━━━ Given material ━━━

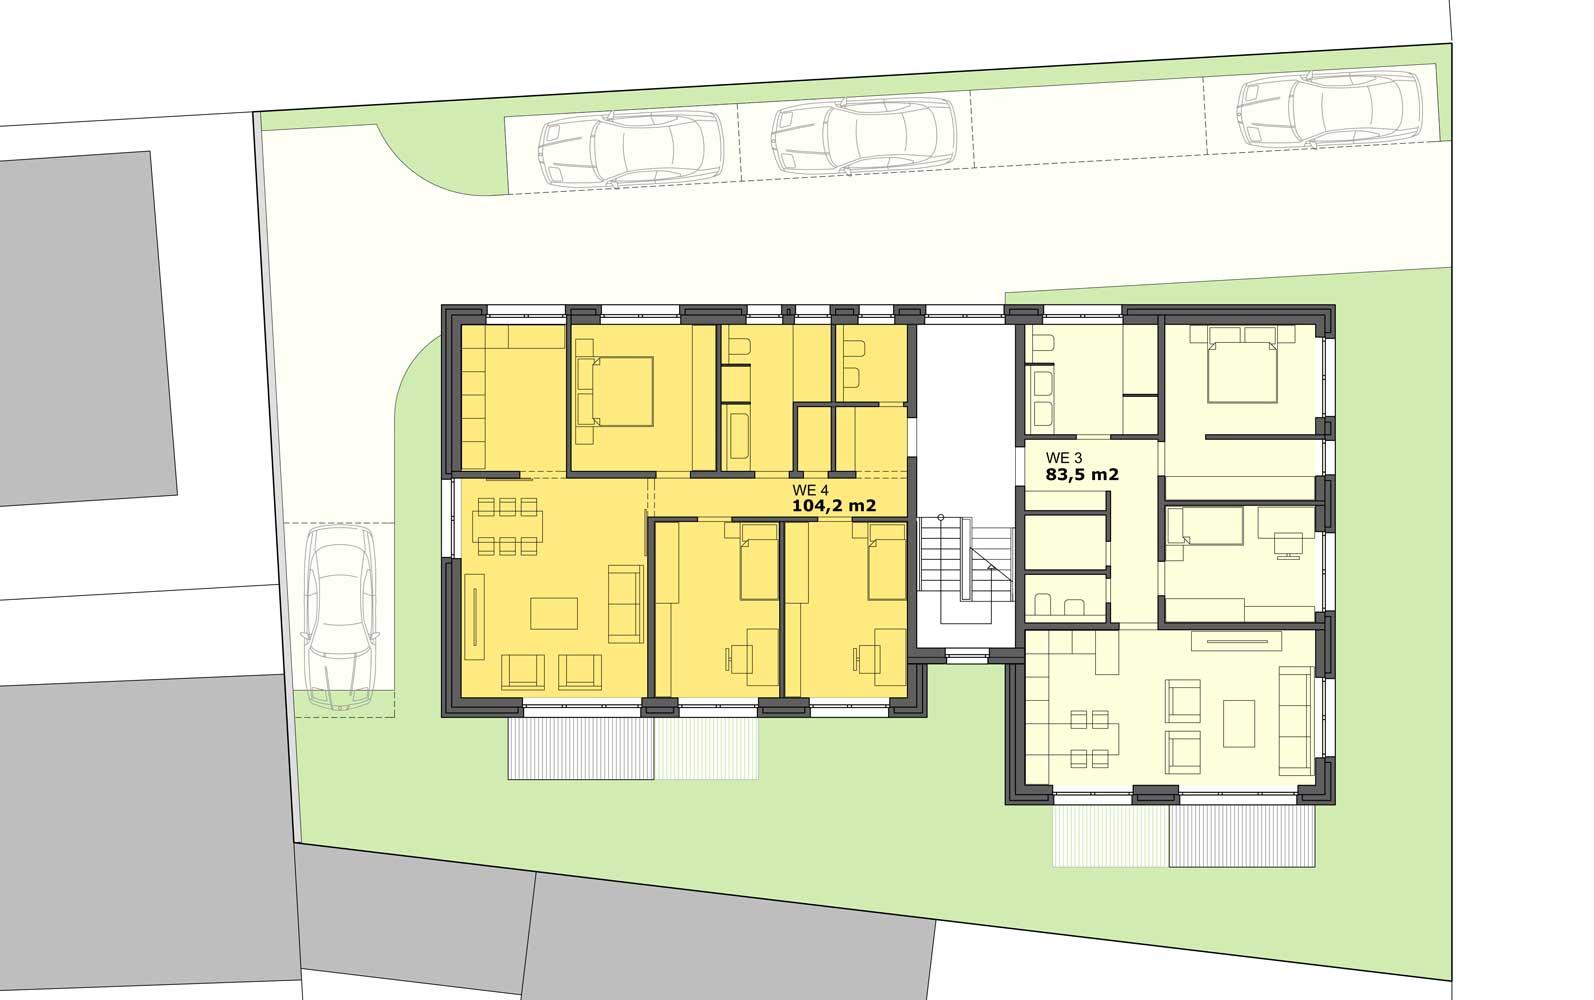 neubau mehrfamilienhaus querum bs sabi architekten partgmbb. Black Bedroom Furniture Sets. Home Design Ideas
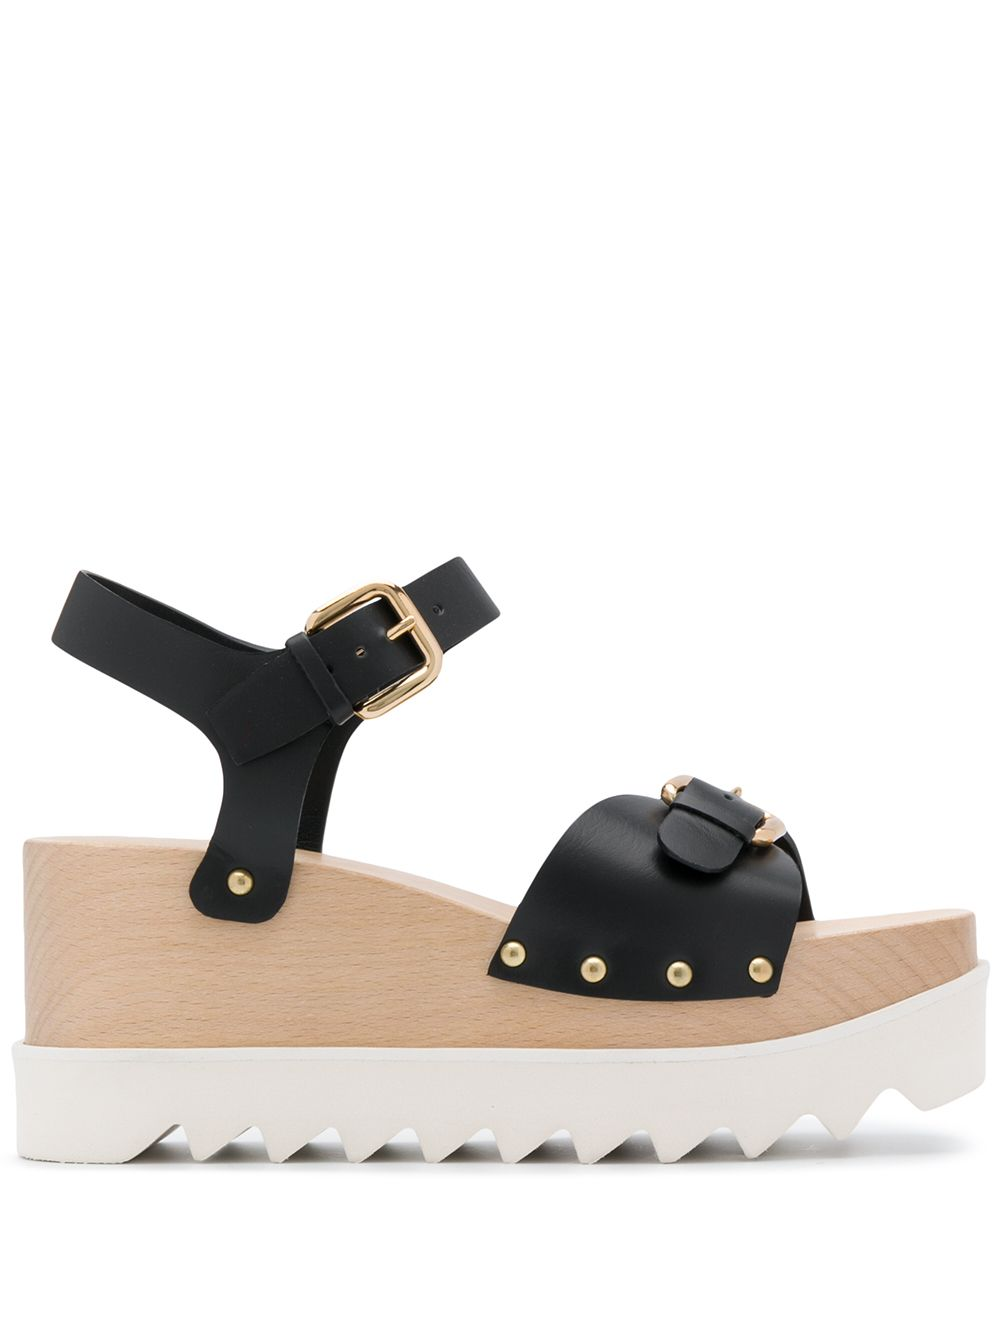 Elyse Sandals
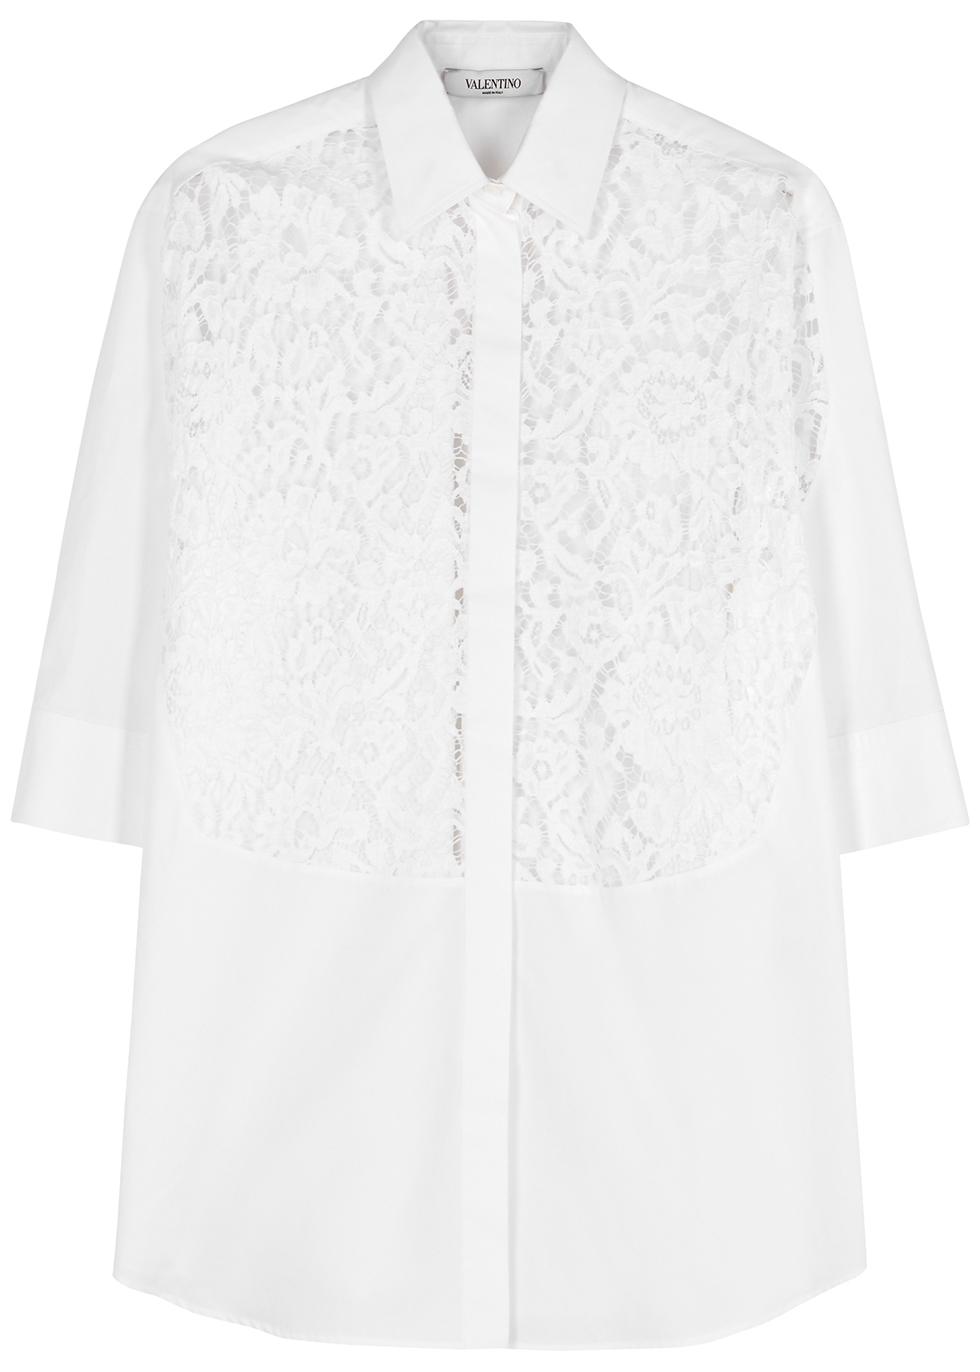 White lace-panelled cotton shirt
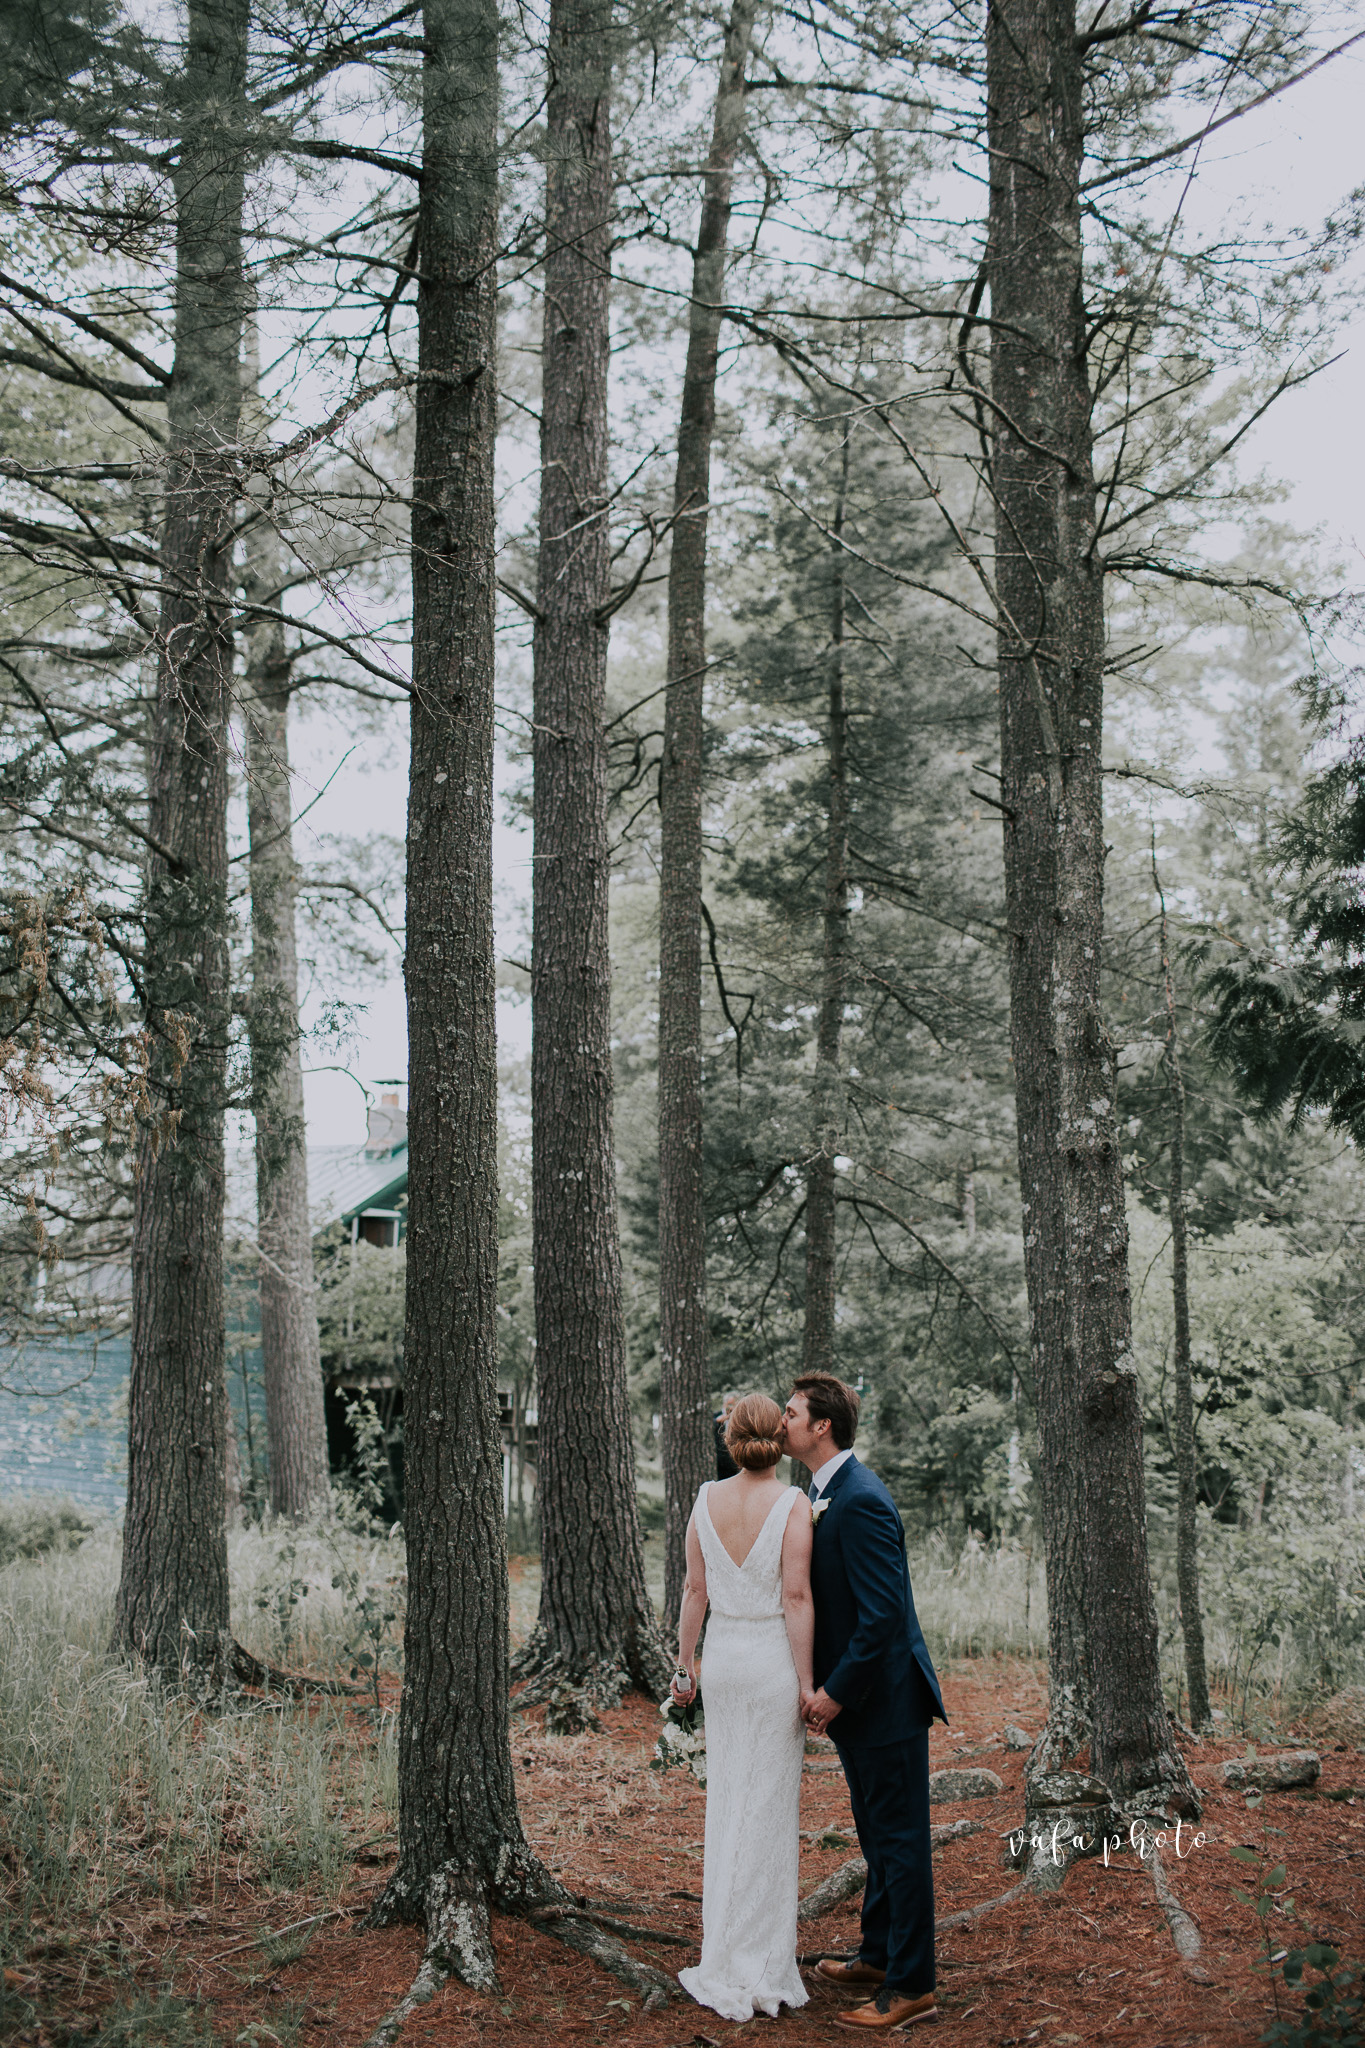 Michigan-Lake-House-Wedding-Madeline-Patrick-Vafa-Photo-578.jpg

━━━

## Assigned task
Your reply should consist of the data, transcribed exactly, and should hold no pictures.

## Solution for this exercise
 neubau mehrfamilienhaus querum bs sabi architekten partgmbb. Black Bedroom Furniture Sets. Home Design Ideas
 Elyse Sandals
 White lace-panelled cotton shirt
 Michigan-Lake-House-Wedding-Madeline-Patrick-Vafa-Photo-578.jpg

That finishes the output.